From the cumulative distribution we built with our comparisons on uops_retired.all and inst_retired.all, we know we are retiring 4 uops 60% of the time, 0 uops 13% of the time and 2 uops the rest of the time, with negligible amounts otherwise.
(Numerous *idq* counts): The IDQ only rarely holds us up.
lsd: The Loop Stream Detector is working; Nearly 16B fused uops were supplied to the frontend from it.
ild: Instruction length decoding is not the bottleneck, and not a single length-changing prefix is encountered.
br_inst_exec/br_misp_exec: Branch misprediction is a negligible problem.
icache.misses: Negligible.
fp_assist: Negligible. Denormals not encountered. (I believe that without DAZ denormals-are-zero flushing, they'd require an assist, which should register here)
So on Intel Haswell it's smooth sailing. If you could run my suite on your machines, that would be great.
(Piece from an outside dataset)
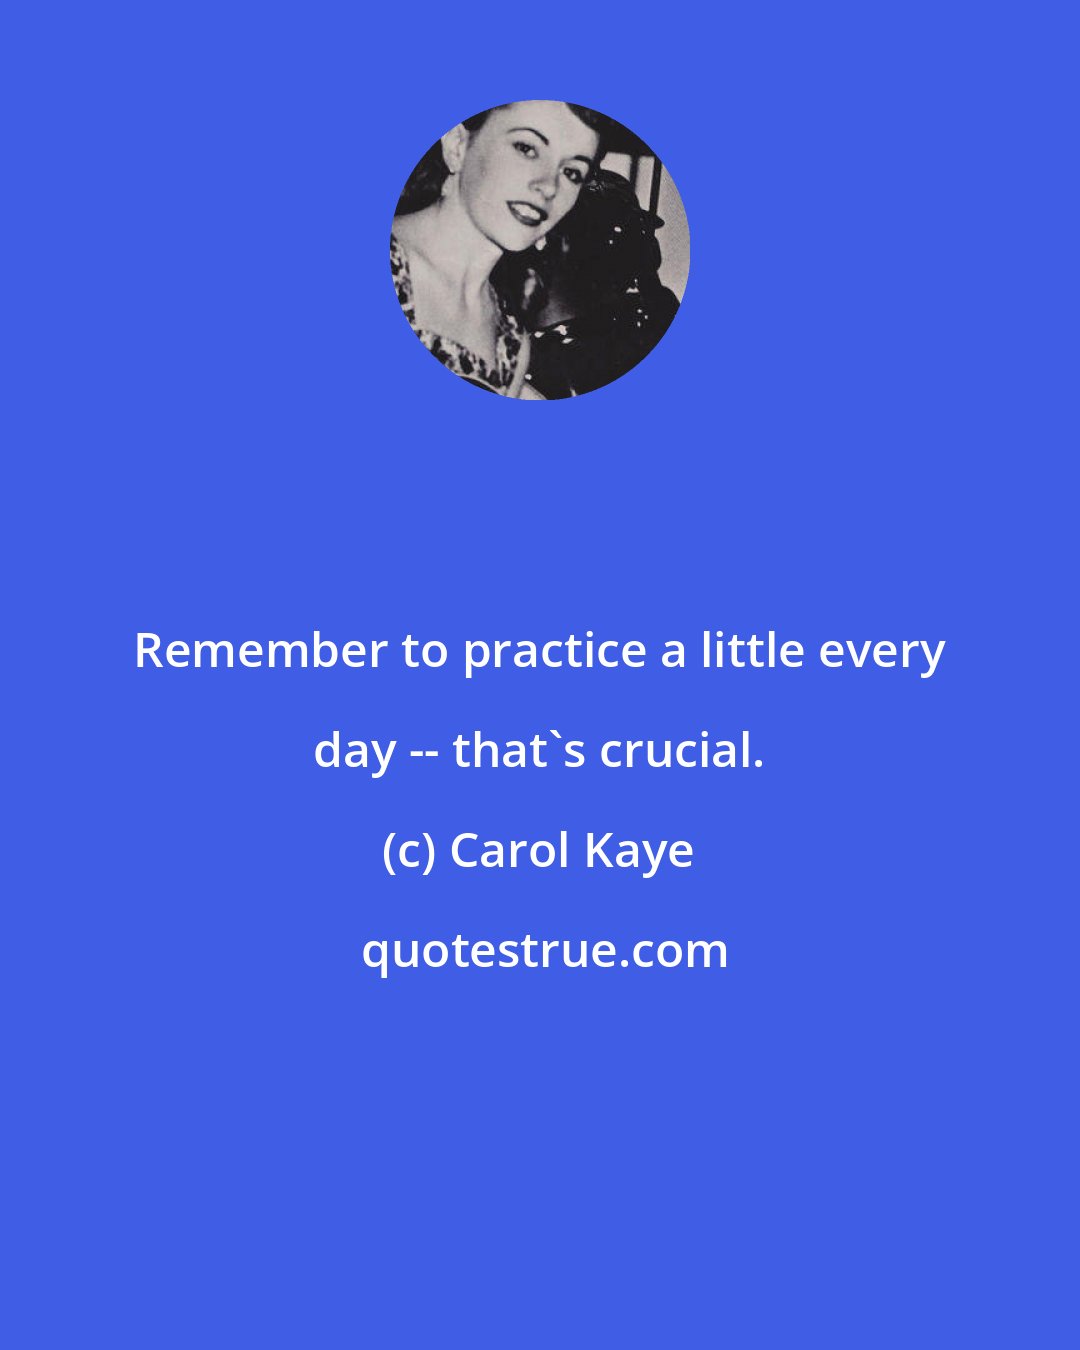 Carol Kaye: Remember to practice a little every day -- that's crucial.

Instructions for Reproduction
Rule #1: Inspect all my code before doing anything with it. Never blindly trust strangers on the Internet.
Grab perfcountdemo.c, libperfcount.c and libperfcount.h, put them in the same directory and compile them together.
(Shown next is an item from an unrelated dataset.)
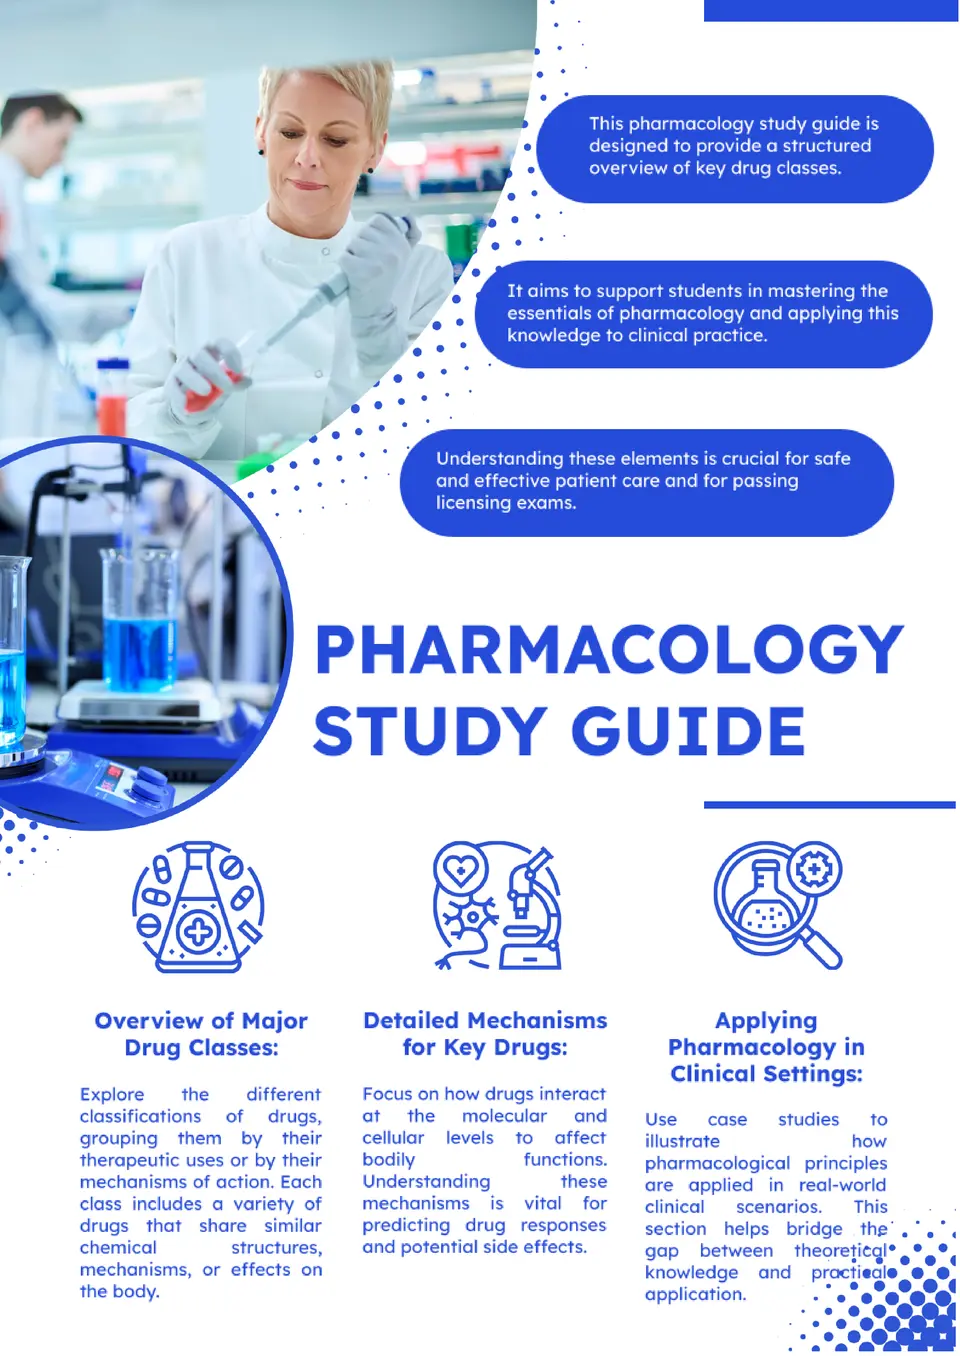 Pharmacology Study Guide Template

Grab perfcount.c and Makefile, put them in the same directory, and make the kernel module.
Reboot your machine with the GRUB boot flags nmi_watchdog=0 modprobe.blacklist=iTCO_wdt,iTCO_vendor_support. The NMI watchdog will tamper with the unhalted-core-cycle counter otherwise.
insmod perfcount.ko the module. dmesg | tail -n 10 should say it successfully loaded and say there are 3 Ff counters and 4 Gp counters, or else give a reason for failing to do so.
Run my application, preferably while the rest of the system is not under load. Try also changing in perfcountdemo.c the core to which you restrict your affinity by changing the argument to pfcPinThread().
Edit in here the results.

Update: previous version contained a 6 VPADDD instructions (vs 5 in the question), and the extra VPADDD caused imbalance on Broadwell. After it was fixed, Haswell, Broadwell and Skylake issue almost the same number of uops to ports 0, 1 and 5.
There is no port contamination, but uops are scheduled suboptimally, with the majority of uops going to Port 5 on Broadwell, and making it the bottleneck before Ports 0 and 1 are saturated.
To demonstrate what is going on, I suggest to (ab)use the demo on PeachPy.IO:
Open www.peachpy.io in Google Chrome (it wouldn't work in other browsers).
Replace the default code (which implements SDOT function) with the code below, which is literally your example ported to PeachPy syntax:
n = Argument(size_t)
x = Argument(ptr(const_float_))
incx = Argument(size_t)
y = Argument(ptr(const_float_))
incy = Argument(size_t)
with Function("sdot", (n, x, incx, y, incy)) as function:
reg_n = GeneralPurposeRegister64()
LOAD.ARGUMENT(reg_n, n)
VZEROALL()
with Loop() as loop:
for i in range(15):
ymm_i = YMMRegister(i)
if i < 10:
VFMADD231PS(ymm_i, ymm_i, ymm_i)
else:
VPADDD(ymm_i, ymm_i, ymm_i)
DEC(reg_n)
JNZ(loop.begin)
RETURN()
I have a number of machines on different microarchitectures as a backend for PeachPy.io. Choose Intel Haswell, Intel Broadwell, or Intel Skylake and press "Quick Run". The system will compile your code, upload it to server, and visualize performance counters collected during execution.
Here is the uops distribution over execution ports on Intel Haswell:
And here is the same plot from Intel Broadwell:
Apparently, whatever was the flaw in uops scheduler, it was fixed in Intel Skylake, because port pressure on that machine is the same as on Haswell.